A Shapiro-Wilk test can be used to test whether the data was drawn from a normal distribution. We perform this test at the 5% confidence level. Since we are testing the same hypothesis (that the overall population of hand scores dealt to PeterB is normal) multiple times, we use the Holm-Bonferroni method to ensure a family-wise error rate of less than 5%.

In [None]:
shwi_ps = []
for session in player_hands['PeterB']:
    # only consider sessions with 10 or more games
    if len(player_hands['PeterB'][session]) >= 10:
        #store p value of Shapiro-Wilk test for each session
        shwi_ps.append(stats.shapiro(numpy.array(player_hands['PeterB'][session]))[1])

# sort the p values
shwi_ps.sort()

shwi_multi = multitest.multipletests(shwi_ps, alpha=0.05, method='holm', is_sorted=True)
print("Result", "P", "Corr. P", "Threshhold")
for i in range(len(shwi_multi[0])):
    print(shwi_multi[0][i], format(round(shwi_ps[i], 3), '.3f'), format(round(shwi_multi[1][i],3),'.3f'), 0.050)

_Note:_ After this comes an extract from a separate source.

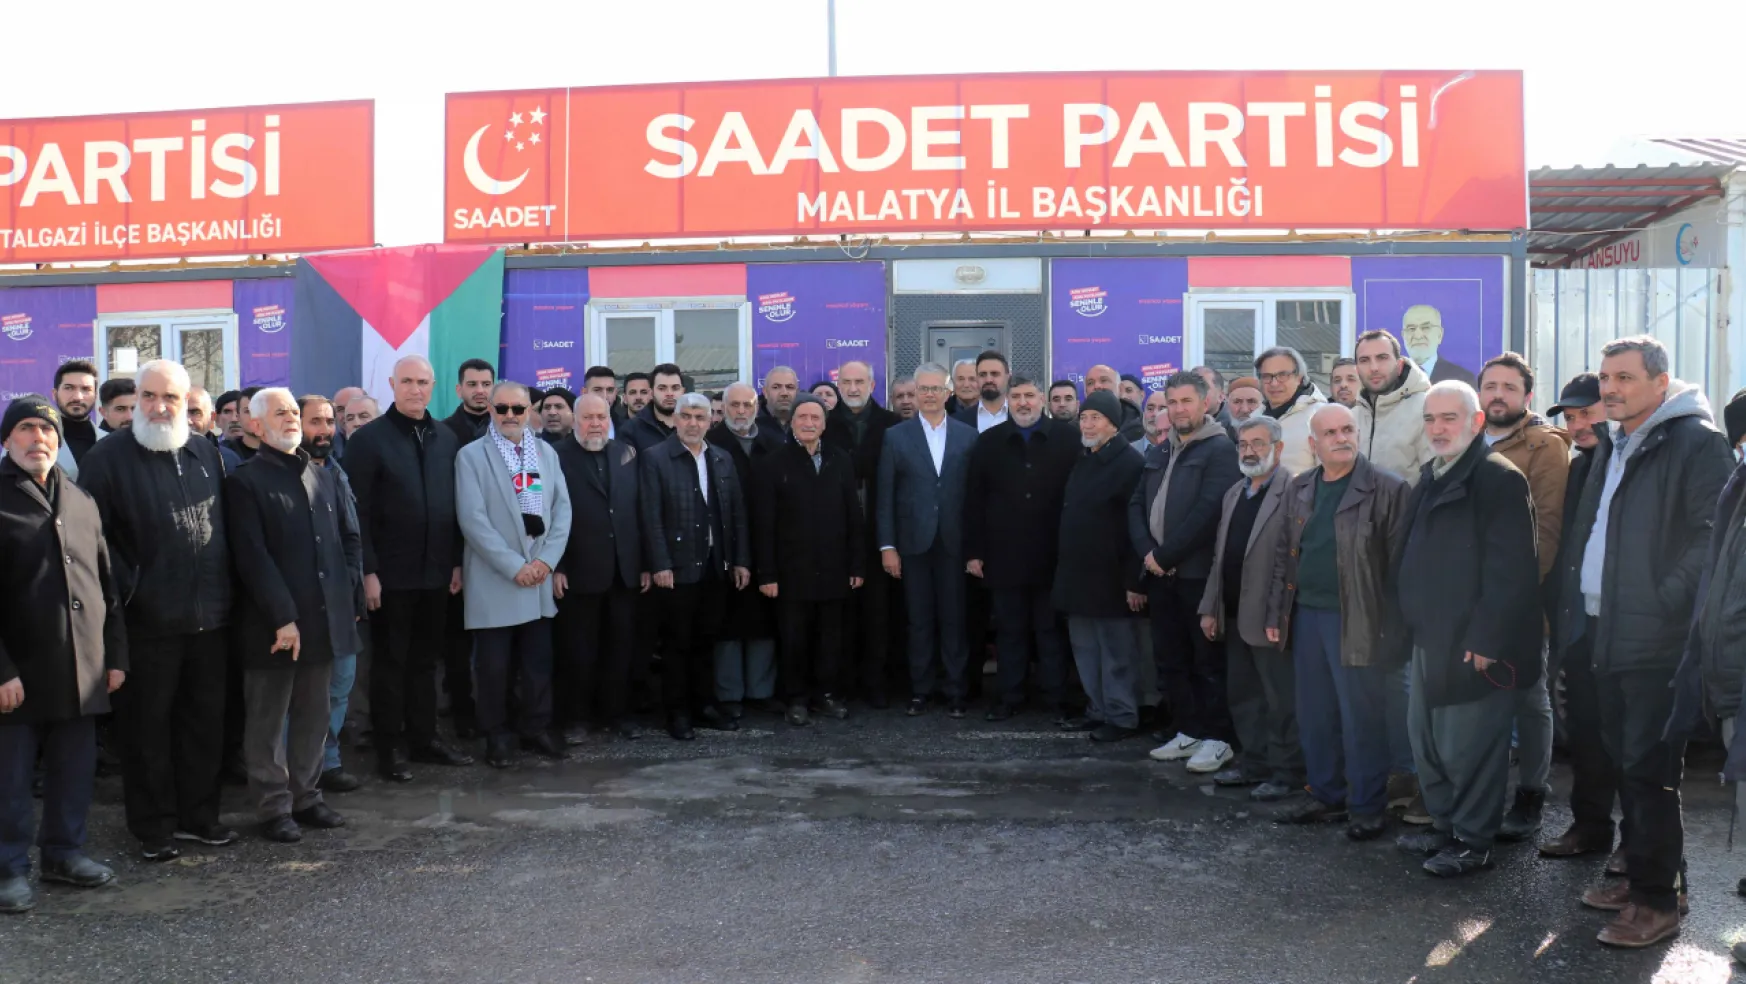 Saadet Partisi, Malatya'da Büyükşehir Adayı Prof. Dr. İbrahim Gezer'i Destekleyecek
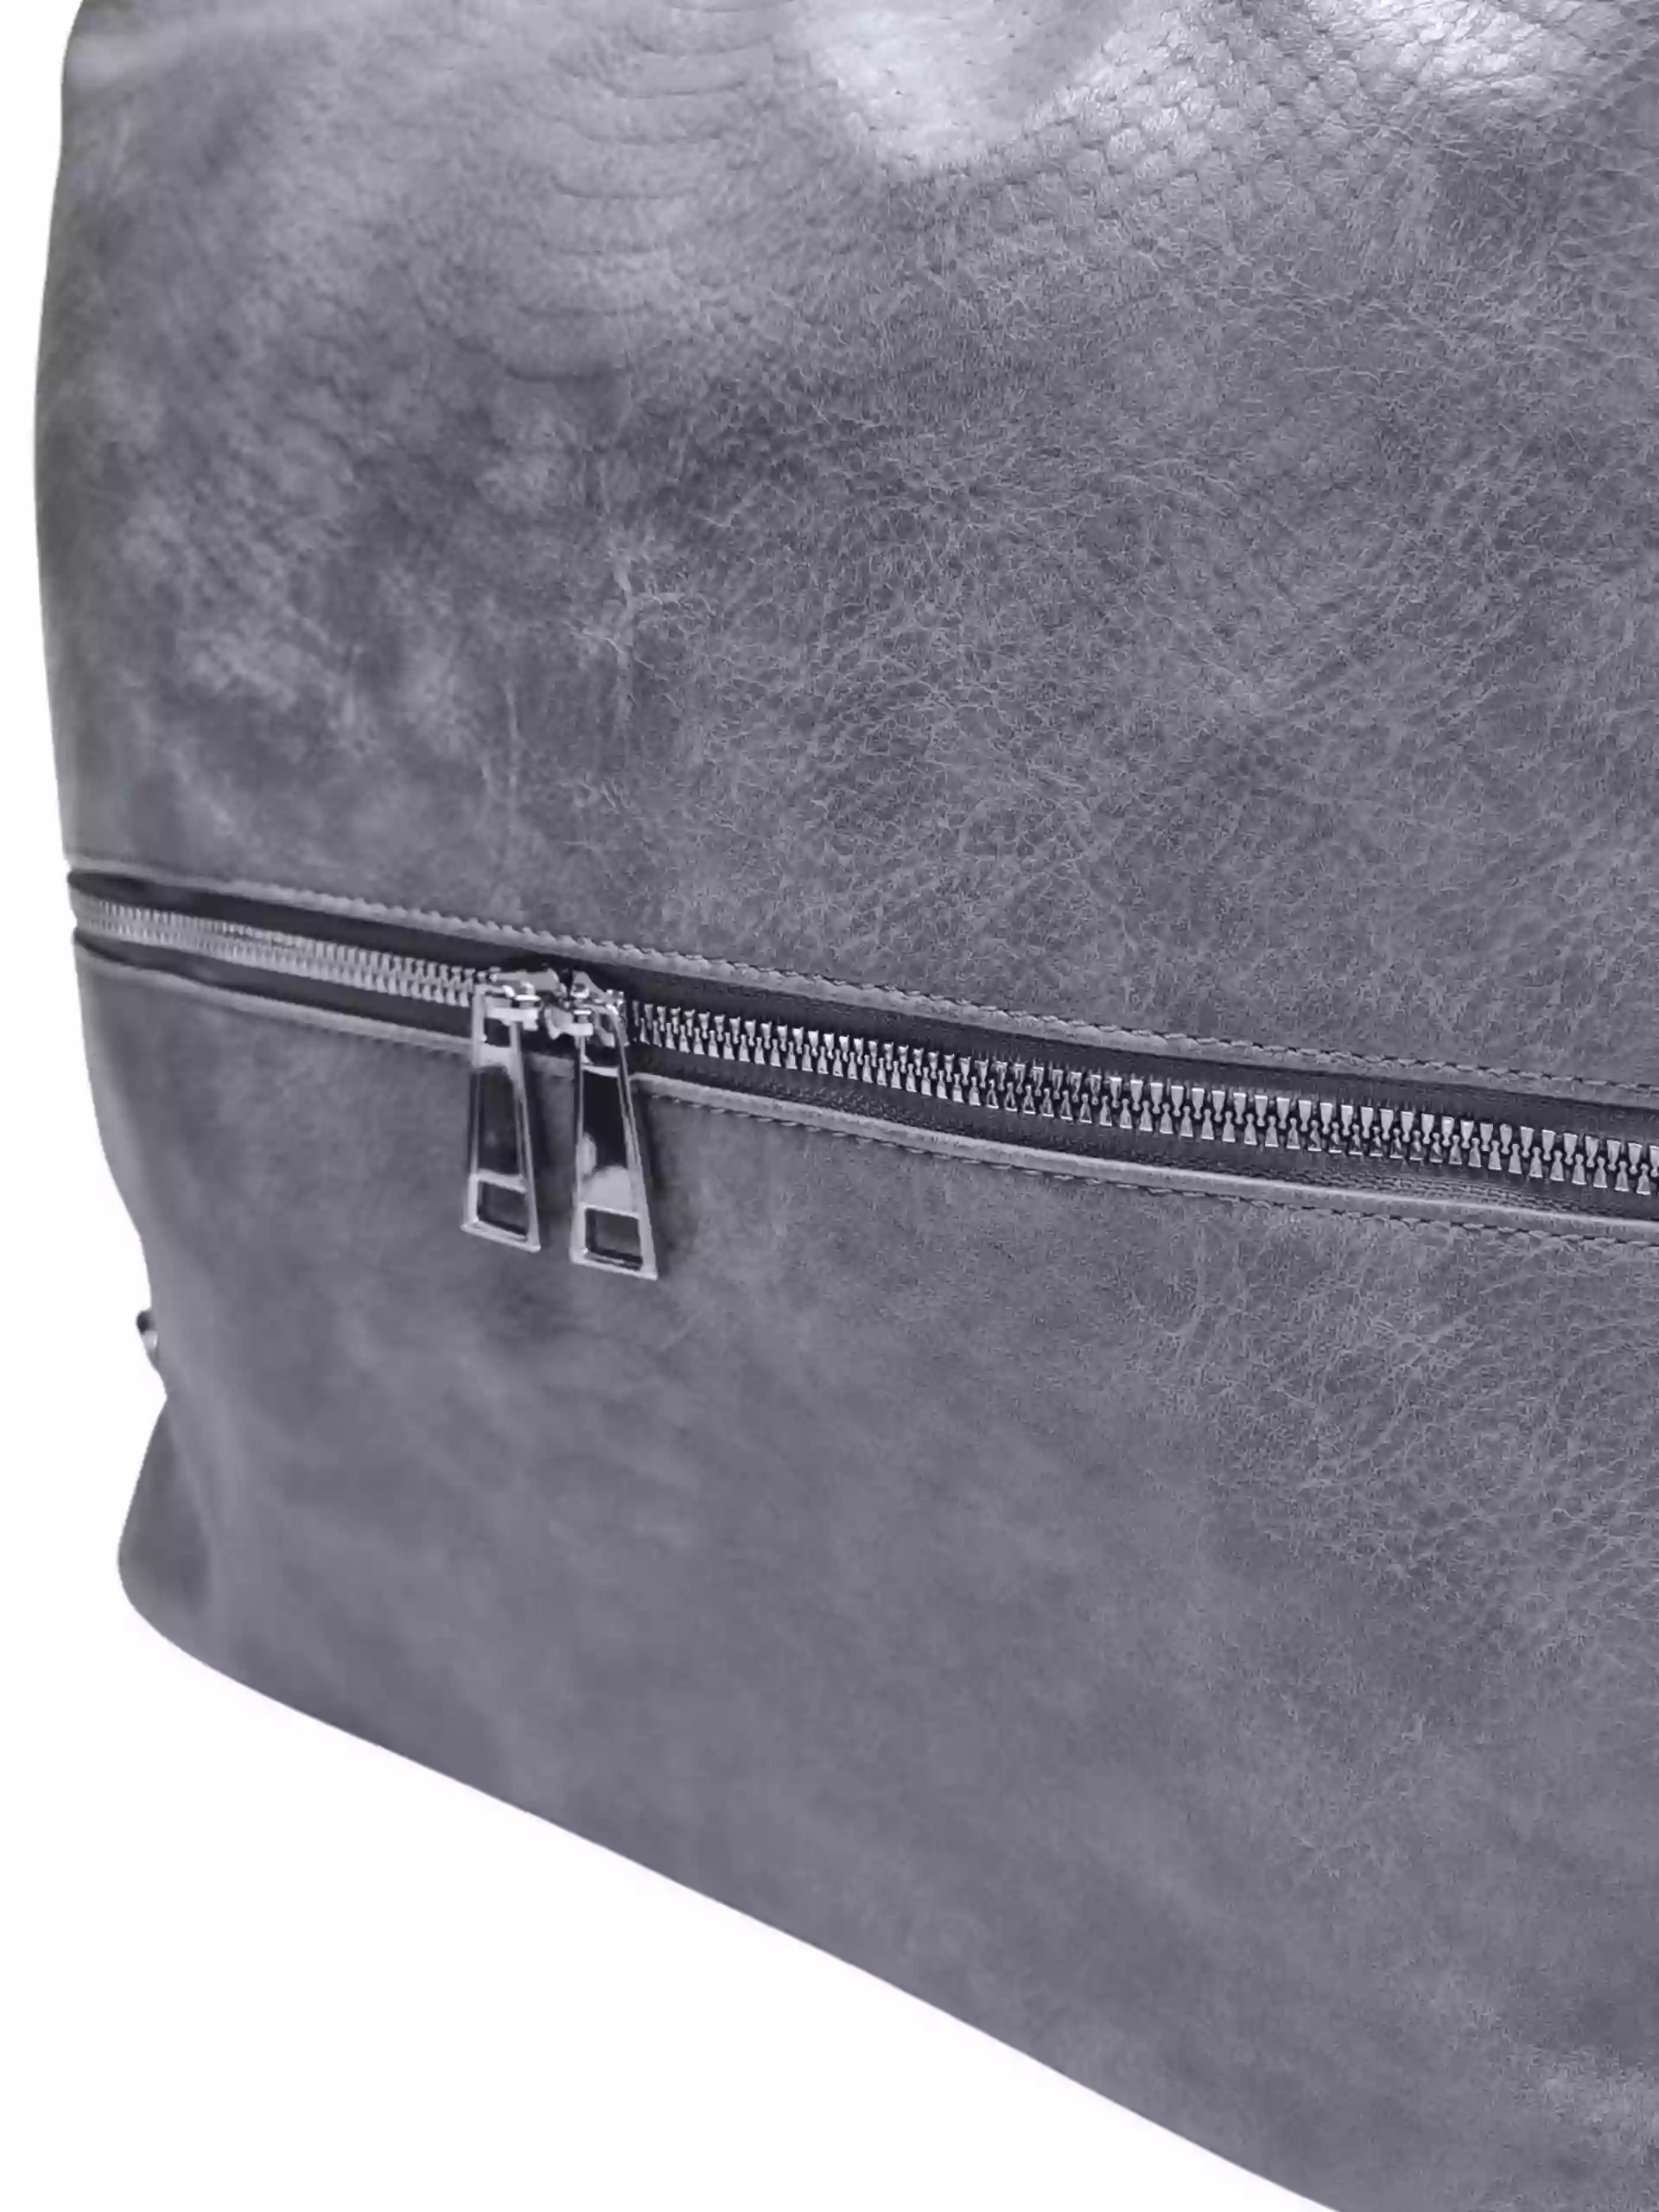 Moderní středně šedý kabelko-batoh z eko kůže, Tapple, H190010, detail kabelko-batohu 2v1

We fail to reject the default hypothesis that the population from which the samples were drawn in normally distributed.

Since both the individual session samples and the overall hand score sample show a normal distribution we can proceed with Welch's t-test. Once again, since we are performing multiple tests of the same hypothesis, we apply a Holm-Bonferroni correction.

Since the impact of a type I error is high (unfairly accusing ISS of unfair shuffling), but the sample size within individual sessions is small, we select a 5% significance level.


In [None]:
ttest = []

for session in player_hands['PeterB']:
    # only consider sessions with 10 or more games
    if len(player_hands['PeterB'][session]) >= 10:
      
        # store p-value of Welch's t-test of difference in mean score between
        # this session and all hands in the datasets
        ttest.append(stats.ttest_ind(player_hands['PeterB'][session], all_hands, equal_var = False)[1])

# sort the p values
ttest.sort()

ttest_multi = multitest.multipletests(ttest, alpha=0.05, method='holm', is_sorted=True)
print("Result", "P", "Corr. P", "Threshhold")
for i in range(len(ttest_multi[0])):
    print(ttest_multi[0][i], format(round(ttest[i], 3), '.3f'), format(round(ttest_multi[1][i],3),'.3f'), 0.050)

## Conclusion
We fail to reject the default hypothesis and can conclude that we have found no evidence that the means of the scores of hands dealt to PeterB are different from the means of the scores of all hands dealt by the ISS. Thus there is no evidence that the quality of cards within a particular session differs from the others by more than could by expected due to random chance.